This paper proposes a speech enhancement algorithm based on post Wiener filtering. First, the algorithm uses spectral subtraction to perform speech enhancement on the speech signal of the current sound source, which will obtain acoustic signal containing autocorrelation noise. Then, the parameters of the post-wiener filter are used to suppress noise and amplify the target of the sound source signal. Finally, the algorithm fits the optimal filter. The principal flow chart of the optimization algorithm is shown in Figure 6.
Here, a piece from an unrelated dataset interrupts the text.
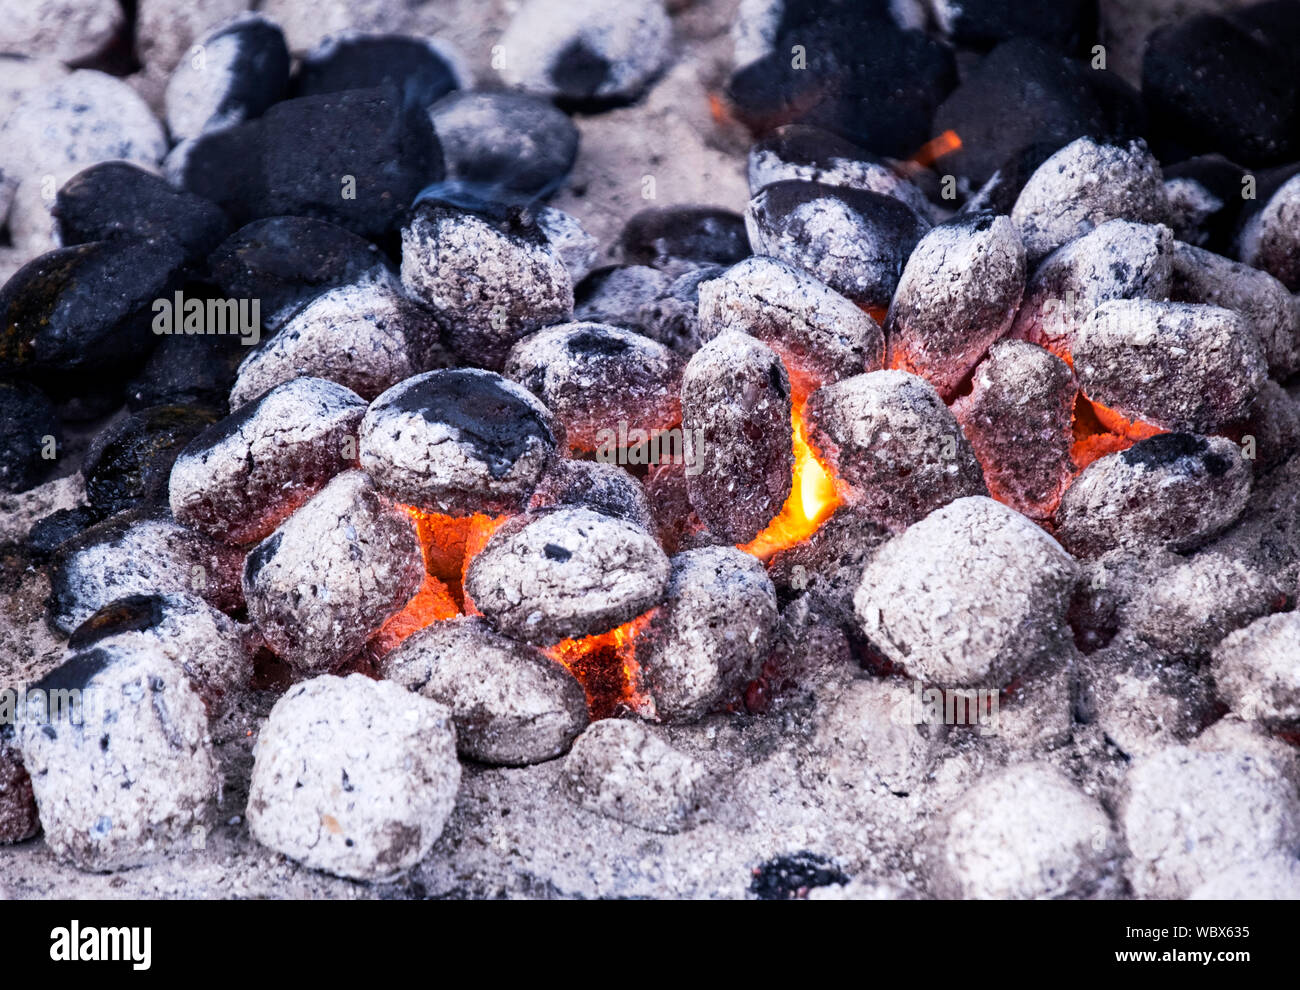 Los carbones ardiendo y calentamiento para barbacoa Foto de stock

5. Experiment Design and Result Analysis

In order to verify the real performance and effectiveness of the algorithm in this paper, two experiments were designed. Experiment-I verifies the performance of this algorithm in real sound localization. Selecting some sound source points, we calculate the sound source position and compare it with the existing sound source localization method (based on the TDOA algorithm). Experiment-∏ is to verify the effectiveness of the proposed new method in speech enhancement. We process speech signals in different noise environments and compare them with other speech enhancement algorithms.

The experimental hardware uses the Allwinner R328 microphone array. Allwinner R328 relies on the computing ability of the cost-effective dual-core CortexTM-A7 CPU to provide the best computing ability at the lowest cost. The highly integrated CODEC can support key voice pick-and-place solutions without external DSP voice chip circuits. As shown in Figure 7, the Allwinner R328 microphone array has six microphones, including two digital microphones and four analog microphones. The back of Allwinner R328 microphone array also has four keys to adjust the recording volume and a LED to indicate that the device is working normally. In the experiment, only two digital microphones were used for recording. The distance between the two digital microphones is 15 cm, so the value of d in Equation (2) is 0.2.
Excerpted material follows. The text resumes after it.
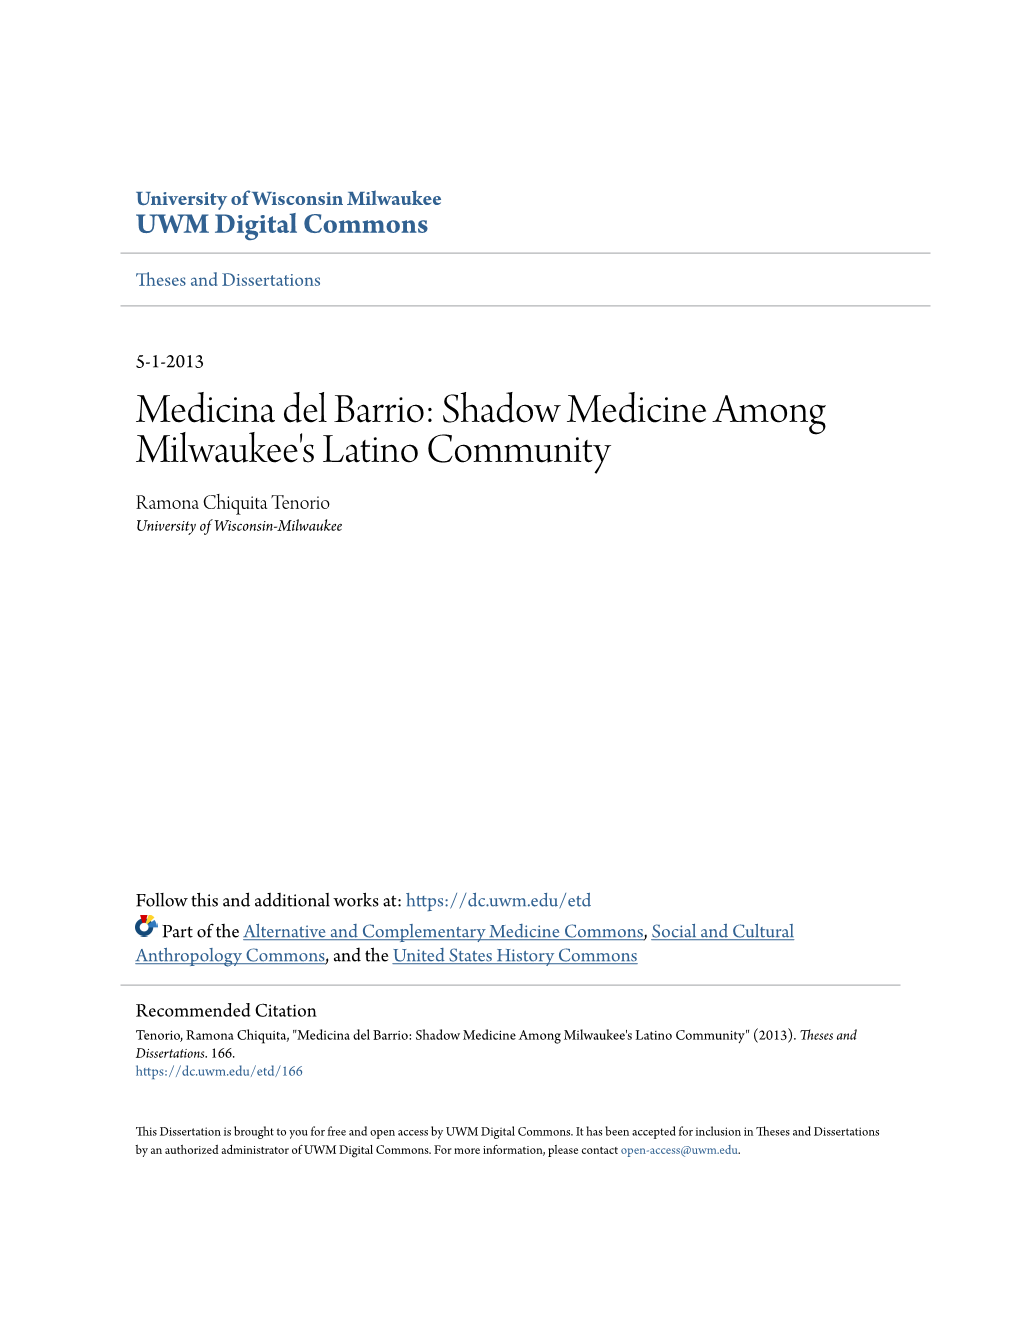 Shadow Medicine Among Milwaukee's Latino Community Ramona Chiquita Tenorio University of Wisconsin-Milwaukee

When the voice signal is sampled, the two digital microphones on the array are used as recording devices. The distance between the two microphones is 20 cm, and the sampling rate is 16 KHz.

The experimental site was chosen as a hall of 10 m × 15 m × 4 m. The early reverberation time of the room is calculated to be 15 m through experiments. In living environment, there are many kinds of noises such as other people talking, air conditioners, and computer fans.

5.1. Acoustic Localization Experiment by Dual-Microphone

Firstly, we build a test prototype for the collection of the circular microphone array, and the programming the development board. In the experiment, the USB interface is used to connect with the PC, which not only supplies power to the hardware circuit, but also transmits the processed voice signal to the computer.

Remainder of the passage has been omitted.